A PyTorch-based Convolutional Neural Network for real-time hand detection from webcam feeds. The model classifies images as either containing a hand or not containing a hand.
This project trains a custom CNN to distinguish between images with hands and images without hands, then deploys the model for real-time inference using a webcam.

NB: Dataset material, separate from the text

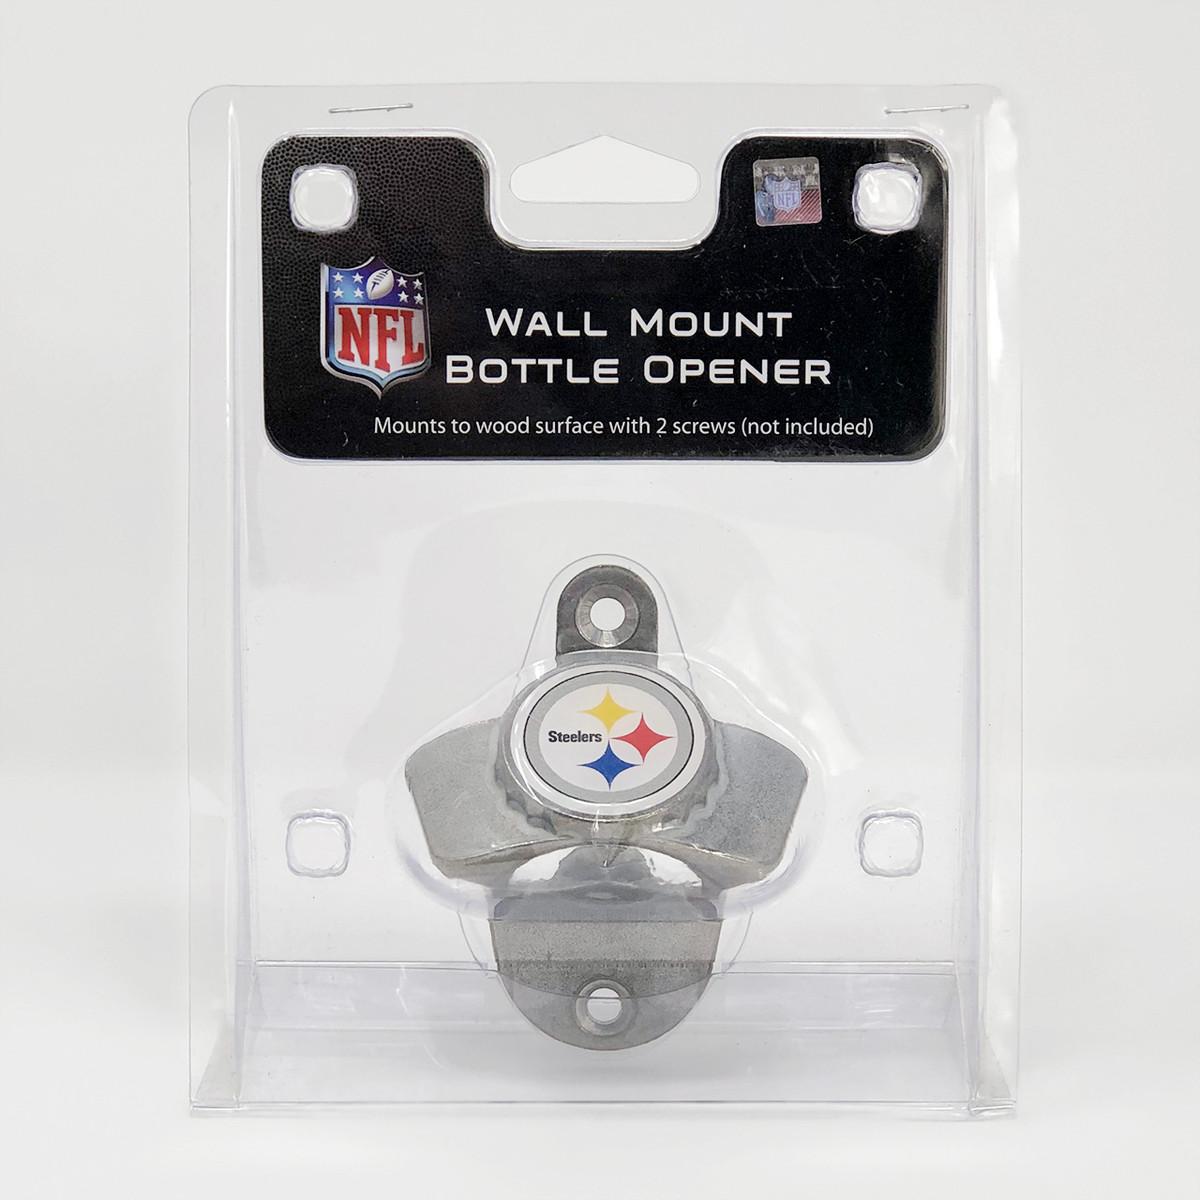 Steelers Wall Mount Bottle Opener

- Custom CNN architecture with 4 convolutional blocks
- Data augmentation for improved generalization
- Real-time webcam inference
- Batch normalization and dropout for regularization
- Performance metrics including precision, recall, and confusion matrix
torch
torchvision
numpy
seaborn
matplotlib
pandas
opencv-python (cv2)
pillow
scikit-learn
Install dependencies:
pip install torch torchvision numpy seaborn matplotlib pandas opencv-python pillow scikit-learnThe code expects the following directory structure:
hands/
├── dataset1/
│ ├── train/
│ │ └── images/
│ │ ├── *.jpg
│ │ └── *.png
│ └── test/
│ └── images/
│ ├── *.jpg
│ └── *.png
├── dataset2/
│ └── ...
└── ...
Negatives/
├── dataset1/
│ └── images/
│ ├── *.jpg
│ └── *.png
│ └── NoObject/
│ └── *.png
└── ...
hands/: Contains datasets with hand imagesNegatives/: Contains datasets without hand images
This project uses a combination of real and synthetic hand image datasets to train and evaluate a binary hand detection model (hand vs no-hand).
A general-purpose hand detection dataset with bounding box annotations across different poses, lighting conditions, and backgrounds. Used as the primary dataset for training the detector.

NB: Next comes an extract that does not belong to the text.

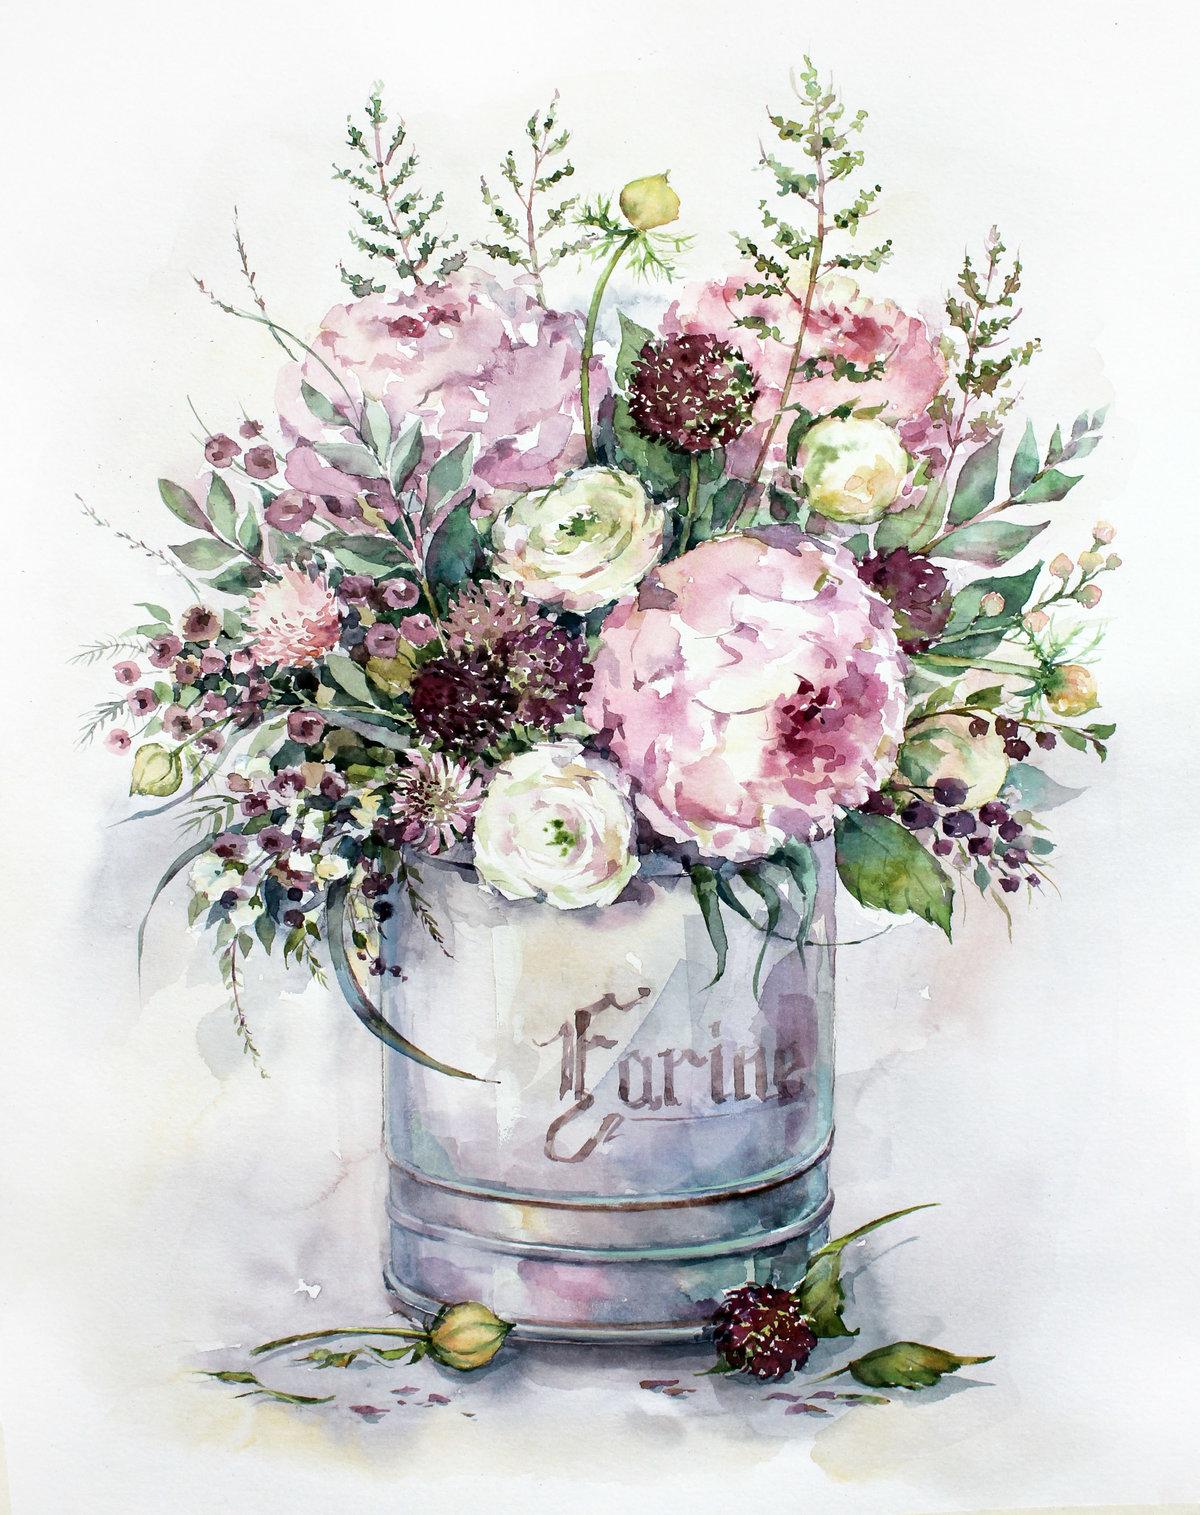 Акварель цветы для открыток, картинках

https://universe.roboflow.com/yolov4tiny-wzb2k/hand-bo3ot
Contains annotated images of classical Indian hand gestures (mudras). Used to add diversity in hand shapes, orientations, and fine-grained poses.
https://universe.roboflow.com/mudras-avdrb/bharatanatyam-mudras-fg9qo-gcruc
A collection of hand gesture images used for additional data exploration and optional augmentation.
https://universe.roboflow.com/horyzn-qhfq4/hand-gesture-gizg2
A ready-to-use dataset in VOC/YOLO format for standard object detection training and benchmarking.
https://www.kaggle.com/datasets/nomihsa965/hand-detection-dataset-vocyolo-format/data
A synthetic dataset used to improve generalization and robustness, especially for rare poses and edge cases.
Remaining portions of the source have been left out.